Of my Ten Little Australians, only Joan Makes History is a novel, yet it is in fiction that we often meet memorable subversions of dominant myths. Many of us had met Kate Grenville’s Joan before, in her 1986 novel, Lilian’s Story, itself a rewriting of legend. In that novel, Joan was Lilian’s university friend, a tomboy, hoyden, larrikin. She did not impress Lilian’s father: “A skinny sort of girl, he said, with not much in the way of womanly graces.” Or a bust. In Joan Makes History, the patriarchal control implied by such a necessary standard of womanly graces is questioned again and again. We’ve also met Joan in another sense. Joan is an Australian Everywoman. To underscore this, Kate Grenville alternates chapters dealing with the twentieth-century Joan, born in the year of Federation, later to become Lilian’s friend, later still a mother and a grandmother, with eleven “scenes” presenting as many Joans throughout Australia’s brief European history, from Cook’s voyages up to Federation, from 1770 to 1901.
This book, first published in 1988, was funded by the Australian Bicentennial Authority to celebrate 200 years of history. So, Joan “makes”—the verb is ambiguous—“history” her story. After all, “history” derives from the Greek histor, wise man, or judge. So, Joan makes history by living and (re)inscribing it, and Kate Grenville rewrites it. With a novelist’s fine disrespect for “facts”, Kate Grenville has her Joan be, by turns: wife to Captain Cook; a female convict whose feet are the first white ones to land at Botany Bay in 1788; an Aborigine who encounters Bass and Flinders in 1795; a free settler in 1839; a washerwoman during the gold rushes of 1851; a witness to the poisoning of Aborigines by emancipist farmers; an indolent and unfulfilled lady in 1855; an intrepid traveller on Cobb & Co.; a woman helping to photograph the Kelly family in 1878; a sufferer in the terrible Depression of the 1890s, but one who looks set to be painted into Frederick McCubbin’s “On the Wallaby Track” (1986); a mayor’s wife present at the opening of the Australian Parliament in 1901. And she is, of course, in alternate chapters, our twentieth-century Joan.

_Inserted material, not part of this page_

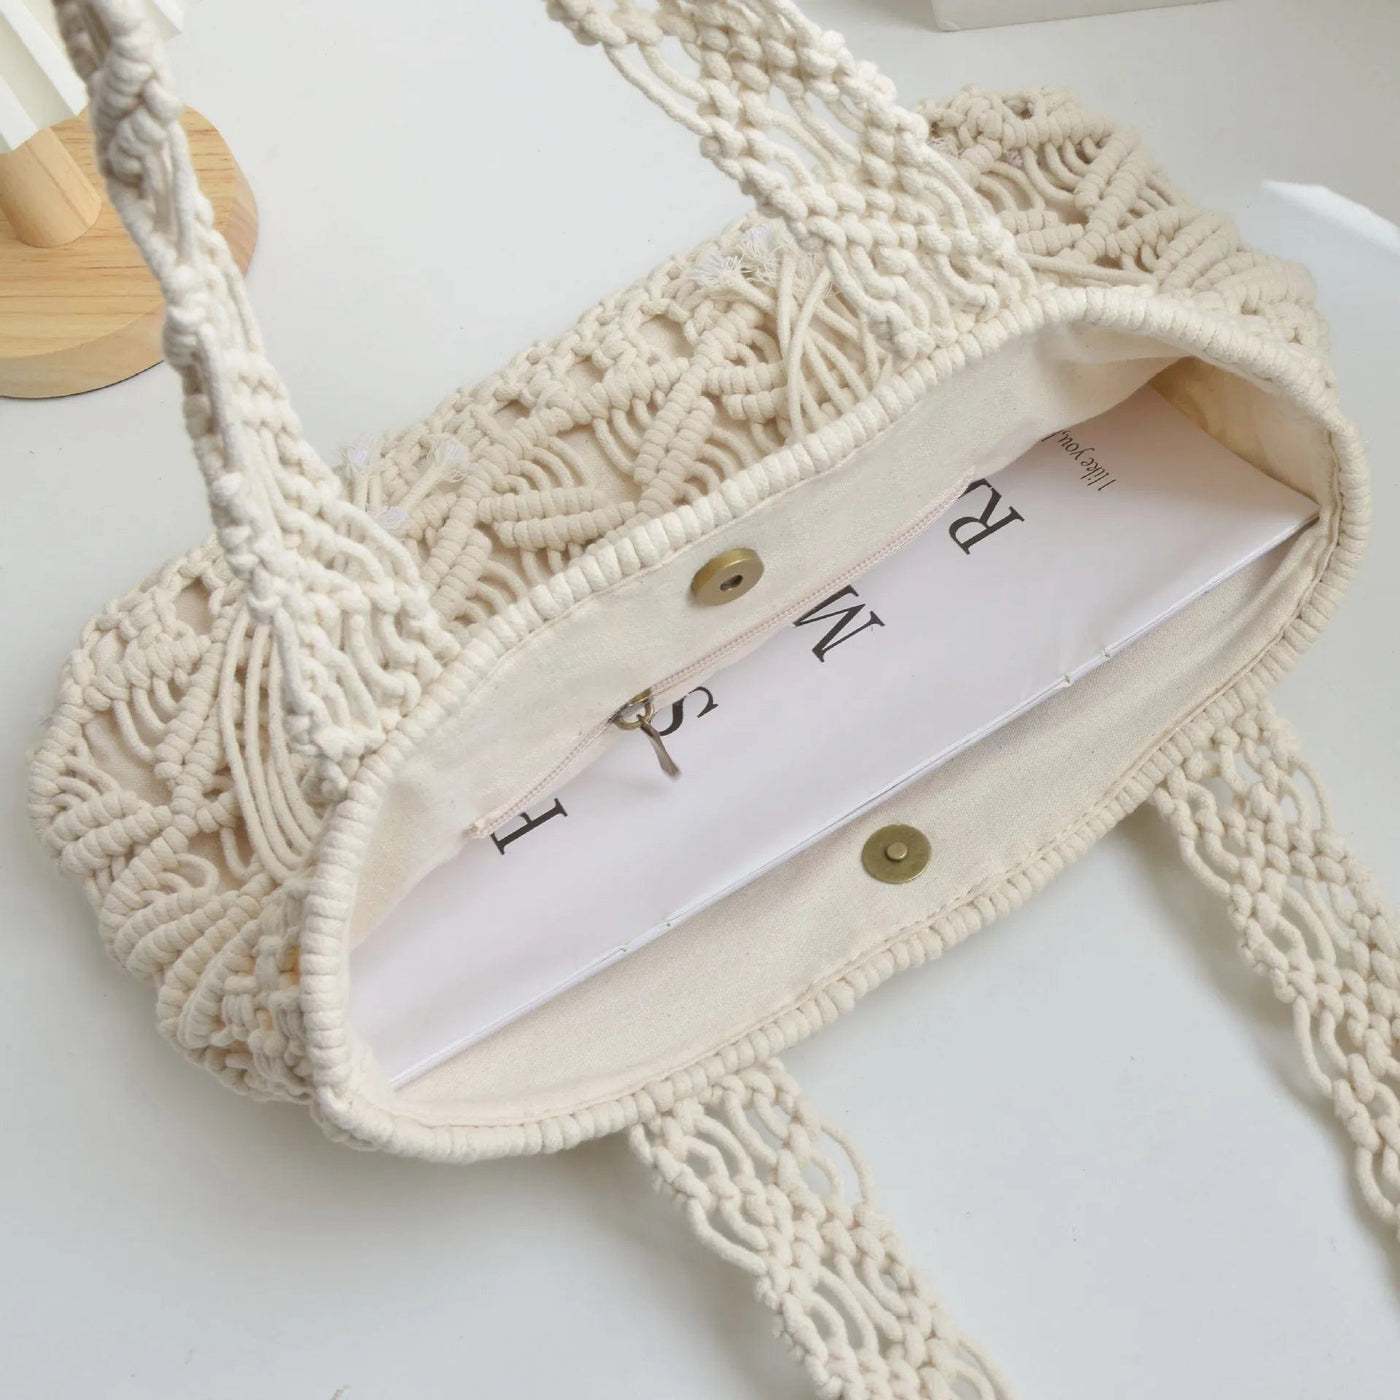 wickedafstore Creamy-white Cotton Rope Hand Woven Bag, Simple And Artistic Beach Vacation Solid Color Shoulder Bag

In an interview with Candida Baker, printed in Yacker 3: Australian Writers Talk About Their Work (Picador, 1989), Kate Grenville throws light on choices she made in creating Joan. “At another level, although Elizabeth Cook wasn’t there [on board the Endeavour], women were actually on board those old ships much more often than you’d think. It seems they only get mentioned in the log books when they die ... Which is exactly what Joan the book is about—to acknowledge the fact that they were there ... I wrote the book for a reader ignorant of Australian history, but on the other hand I’ve tried to plant images that people might remember from their primary school Social Studies, so they can have that pleasure of recognising and remembering ... A fictional story [has] its own compulsions ... I know Joan in real history couldn’t have stepped on a bicycle in 1870, but I needed Joan in fiction to do so.”
Despite taking such fictional liberties with the brute facts of historical reality, Joan Makes History operates in a manner comparable to the French Annales school of historians (Fernand Braudel, Philippe Ariès and Georges Duby’s A History of Private Life, for example). Like these scholars, Joan insists upon the importance of the so-called “trivia” of everyday life in the making and writing of history. So the 1851 Joan tells us that “women who wash other people’s soiled garments learn a thing or two”. The Joan of 1901, the mayor’s wife, reflects or, can I say, rhapsodises: “I had made sheets of the cheapest unbleached calico, and made them last by turning sides to the middle, and had spent my evenings darning George’s socks and turning his collars, and patching the children’s clothes and running string along the inside of hems for when they needed letting down: I had grated up carrot to make cakes stick together when eggs had been scarce, and knew how to make scrag end into a good meal.” Our twentieth-century Joan recognises the “ingenuity” of the women’s work displayed at the Royal Agricultural Society Show, even if it is not for her: “serrated carrots, diamonds of sliced pale beans, onions and purple cabbage all packed like jewels in gleaming jars”. These passages are the New Australian Poetry, the “poetry of pure fact”, as the American Ronald Sukenick calls it in his story, “The Birds”.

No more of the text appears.